If the early novels of Joseph Conrad mark the transition from realism to modernism, the late novels of Virginia Woolf mark the transition from modernism to something Kemp calls "feminist postmodernist fiction." From the standpoint of Woolf's fiction, one is able to view Conrad from the same perspective at which Heidegger views Nietzsche, as someone who "experiences nihilism without being able to think its essence." Parallel to Heidegger's view of Nietzsche as signalling the end of metaphysics, the view of the subject as related in Lord and Darkness inscribes the dethronement of the realist and naturalist forms of narrative. As stated above, the superiority of Woolf, while somewhat unfair considering Conrad's historical precedence, consists in her being able to evaluate the full heterogeneous contents of narrative consciousness in her polyphonic novel, Waves.
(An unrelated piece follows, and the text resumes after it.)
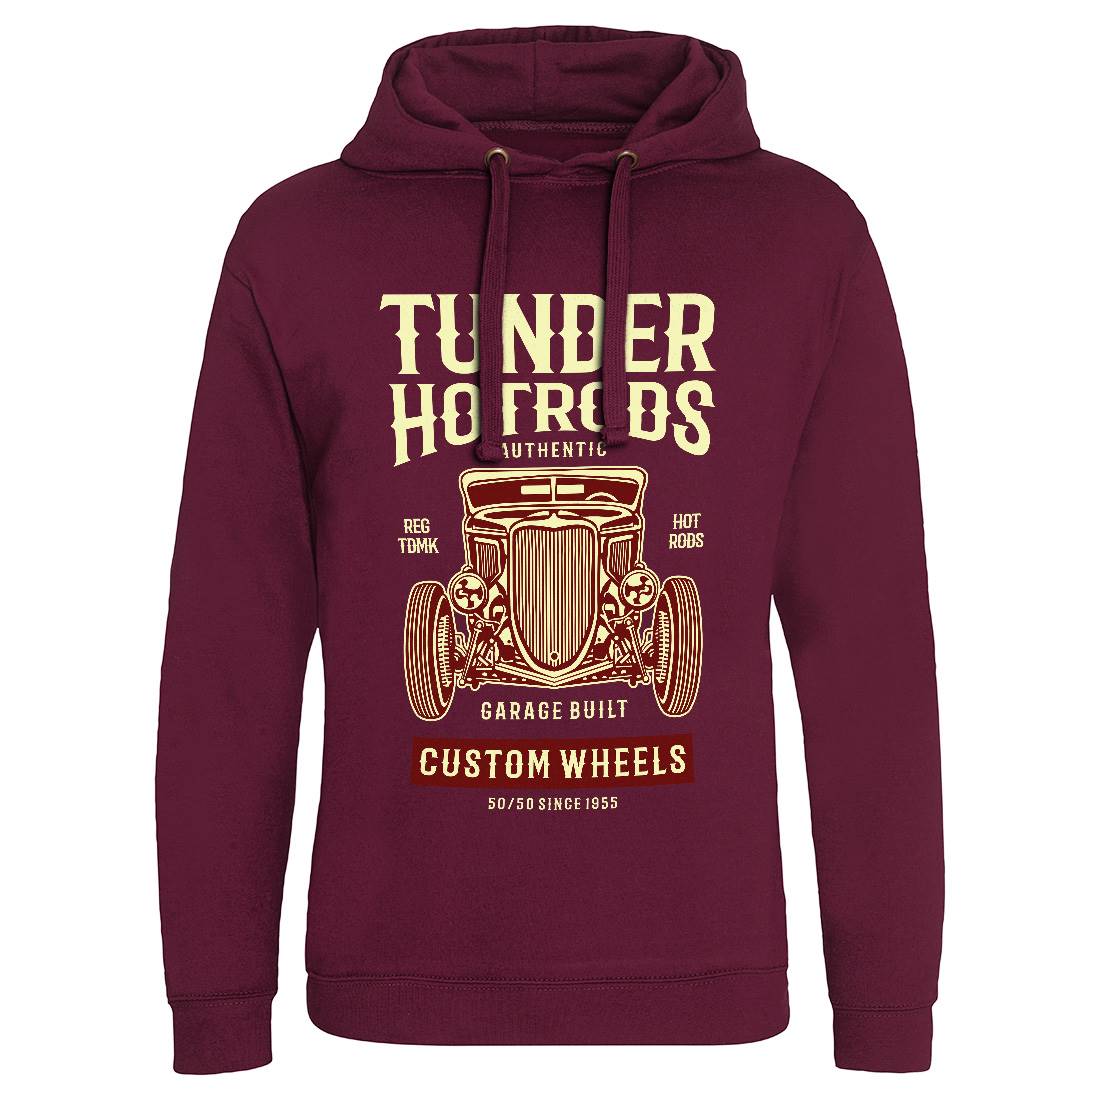 Thunder Hot Rods Mens Hoodie Without Pocket Cars B266

This statement, too, is contested when Pitt argues that Woolf's fiction lacks the emotional intensity of Conrad's novels. This critical difference aside, I consider Pitt to be an ally for she, too, says that the work of both writers is of most interest as "an exploration of the self."
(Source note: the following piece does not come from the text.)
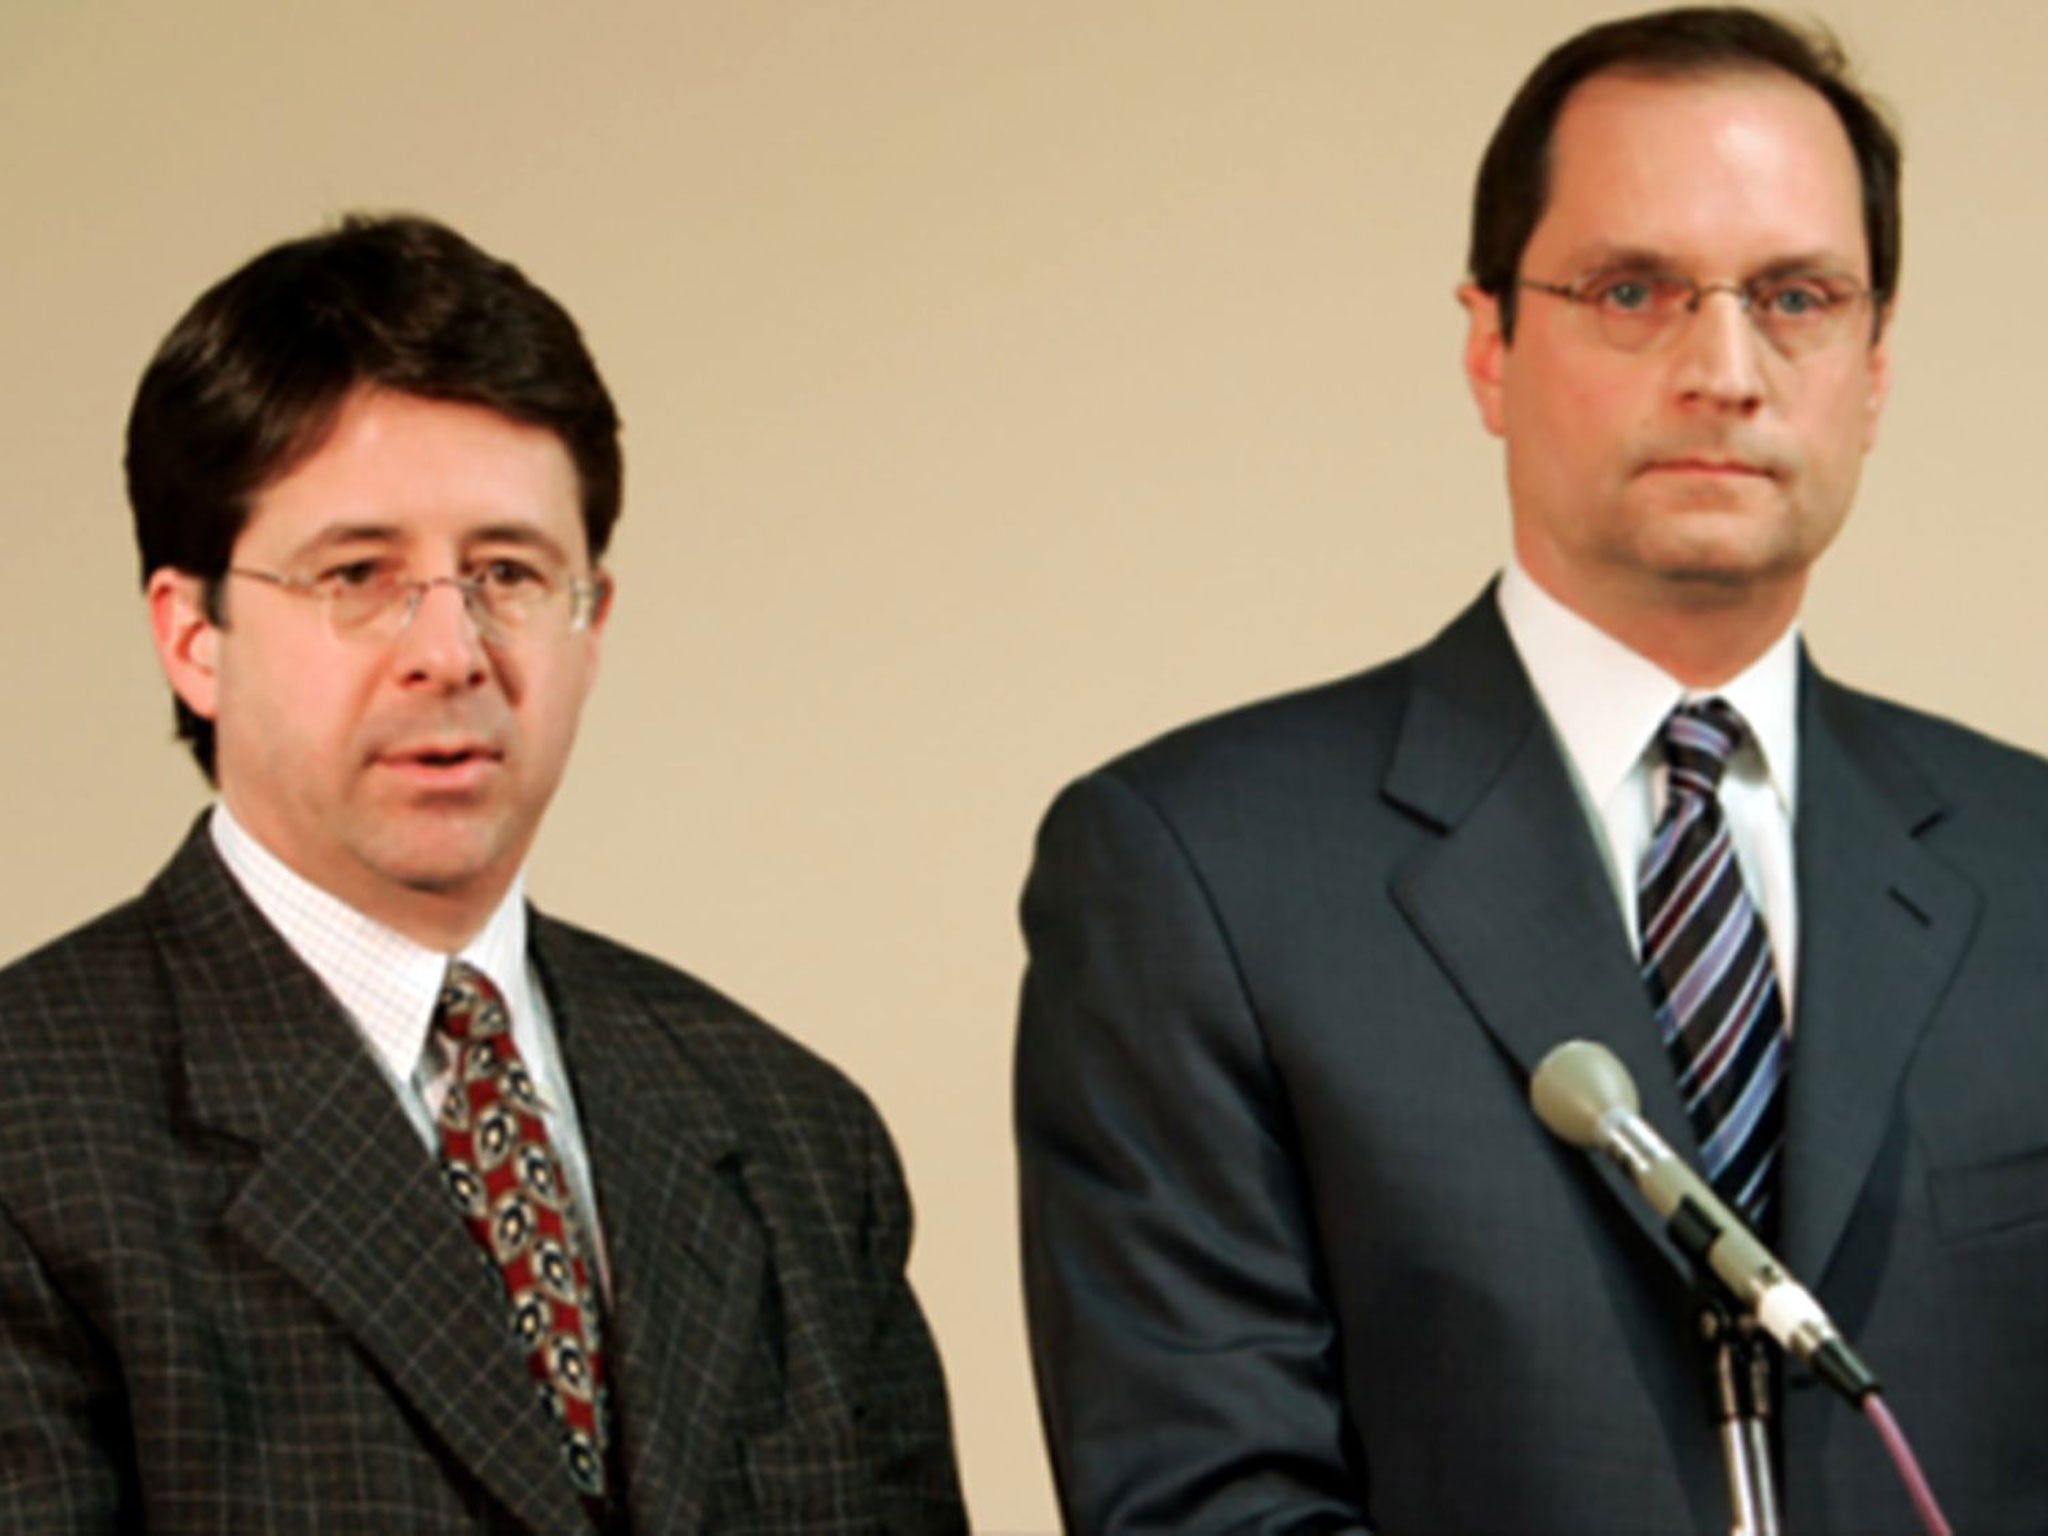 Defence lawyers Dean Strang, left, and Jerry Buting

Conrad's modernist literary perspective continues to advance into Woolf's time, as her novels are marked by a post-modernism that exerts its formative pressure, not on historical time as in Conrad's novels, but on the space of ideology and the spatial landscape of Woolf's novels. Conrad demonstrates a need to fix people in time, while Woolf repeals these fixed notions of space in terms of narrative consciousness. In his novels Conrad unsuccessfully attempts to stabilize the binary self through a unified use of chronotopes, while Woolf signals the breakdown of authorial control as her narrative dissolves into a polyphonic chorus of voices.

In Conrad we meet characters who are impoverished, psychologically and ontologically. His characters, including Jim, the romantic dreamer, Kurtz the dehumanized colonist, Verloc the isolated anarchist and Decoud the alienated revolutionary, are each grounded in the corrupted ideology of modernism. Similarly, Woolf's characters, including Septimus' delusional fantasies, Mr. Ramsey's refuge in philosophical flights of imagination, Bernard's howl of pain and Jacob's final self-destruction all testify that no solid core of selfhood and ever be captured. The work of these two authors represent the transition from masculine time to feminine space: Nostromo, centered on Bakhtin's concept of the chronotope, is a novel whose concern with temporality ends in the solipsistic corruption of the self while Waves, centered on Bakhtin's concept of polyphony, is a novel whose concerns with spatiality over time leads to an expansion of consciousness and the overcoming of death as the negation of the self, the limit of the self's existence.

In a dramatic reversal of the poetics of his early modernist texts, the later novels of Joseph Conrad it is seen that the political dimension of the literary text becomes opaque, without the transparency that was once a dominant feature of his work. In the high modernism of Woolf's novels, the once opaque body becomes transparent and, for the first time, enters into consciousness. Conrad's early novels, like Lord, confront the limits of the metaphysical subject, inaugurating modernism with the close of narrative forms like realism and naturalism. What Woolf does in her later novels, especially Waves, mutates Conrad's achievement one step further. She alters the epistemological foundation of modernist narrative by discovering the possibility of psychic reunification and return--a superannuated plot-structure dating back to the romantics--through not modernist temporality, but through a postmodern investigation of the ideology of space. Finally, if one can say that Conrad's modernist text can be seen in terms of chronotopic opposition, then one can also claim that, for Woolf, the polyphonic consciousness of postmodern narrative attempts to overcome the oppositional structure of the literary text.